The 18th Time of the Writer, International festival of writers, hosted by the Centre for Creative Arts, University of KwaZulu-Natal invites South African high school learners to submit their short stories for the annual Schools Short Story Competition by Friday 27 February.

Held in conjunction with the Time of the Writer festival, the Schools Short Story Competition is open to all South African high school learners and aims to encourage creative expression in young people while functioning as a springboard for the future writers of South Africa. With the festival’s long standing commitment toward nurturing a culture of reading and writing, this competition has received a wide appeal that continues to grow with each edition of the festival.

Winners will be awarded cash prizes, book vouchers and complimentary tickets to the festival.

The Time of the Writer takes place from 16-21 March 2015. As one of the country’s longest running literature festivals, Time of the Writer brings together some of the best authors, publishers, and editors from around the world, while focusing on providing a platform to KwaZulu-Natal talent. In addition to the nightly showcases at the Elizabeth Sneddon Theatre the festival alsoorganisesa broad range of free daily activities including an educational and entertaining programme of workshops, reading sessions and panel discussions. This includes the Educator’s Forum with teachers, on the implementation of literature in the classroom; the Community Writing Forum with members of the public interested in literature as well as visits to schools by the festival participants.
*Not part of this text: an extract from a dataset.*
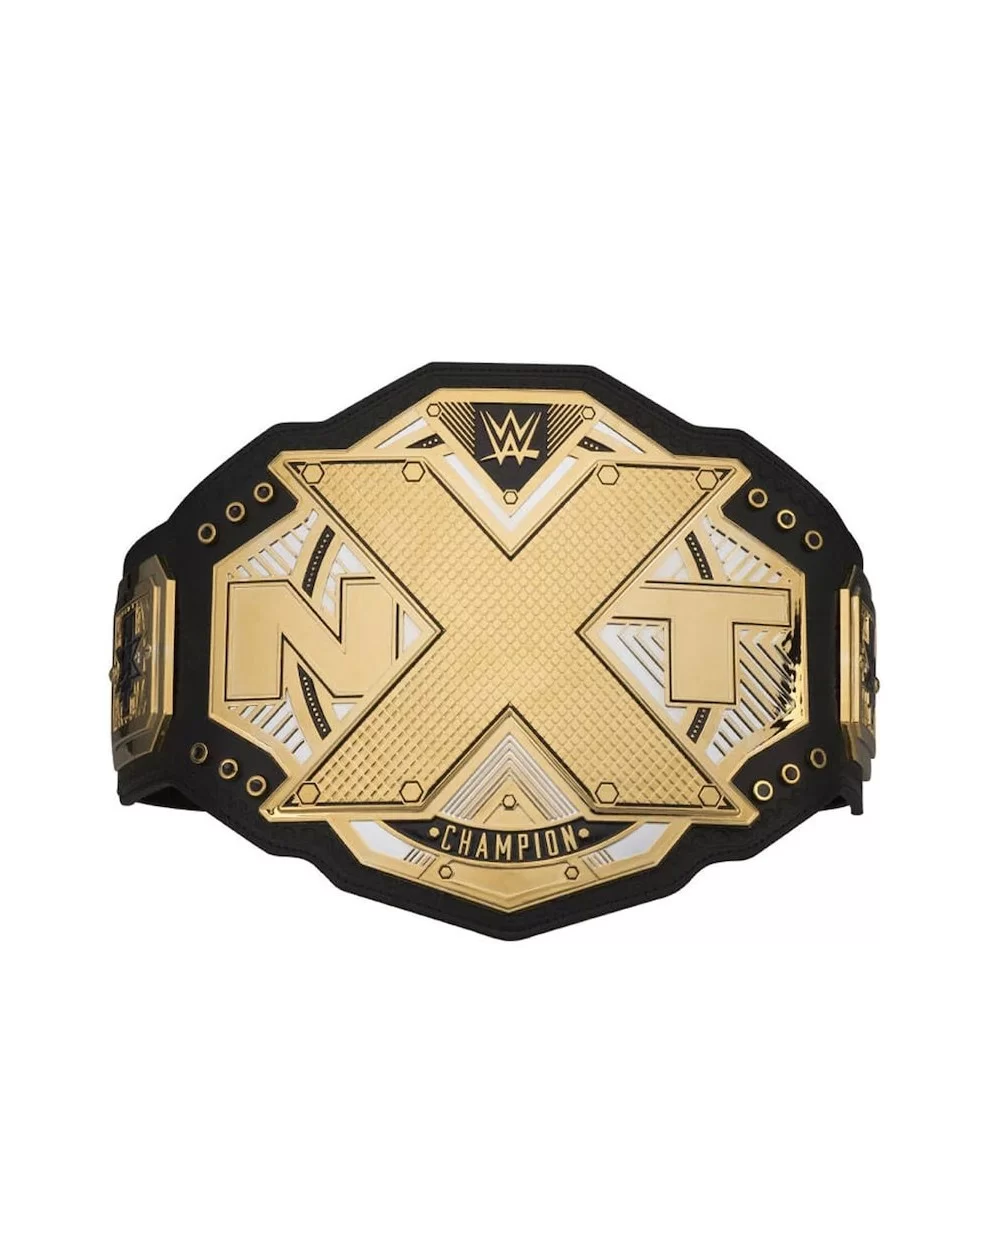 NXT Championship Commemorative Title Belt $51.80 Title Belts

The 18th Time of the Writer will also include a Storytelling Focus in partnership with Gcinamasiko Arts & Heritage Trust.

For more information on the festival or the competition, please contact the Centre for Creative Arts on 031 260 2506/1816 or email: schools@cca-ukzn.co.za

Terms and Conditions

  • The competition is open to all South African high school students.
  • There is no particular topic for the short stories.
  • The short stories can be written in English, Afrikaans or isiZulu.
  • Illegible entries will not be considered (Typed entries preferred).
  • Short stories are to be a maximum of 5 pages in length.
  • Deadline for submissions is 27 February 2015.

 
How to Enter

Entries can be submitted by one of the following methods:

Email: schools@cca-ukzn.co.za

Fax: 031 260 3074

Hand Delivery: Centre for Creative Arts, University of KwaZulu-Natal, Howard College Campus, Mazisi Kunene Avenue, Durban, 4041, South Africa

All entries must include:

Name of School (Contact and physical address)
Name of submitter (Grade, age and contact details)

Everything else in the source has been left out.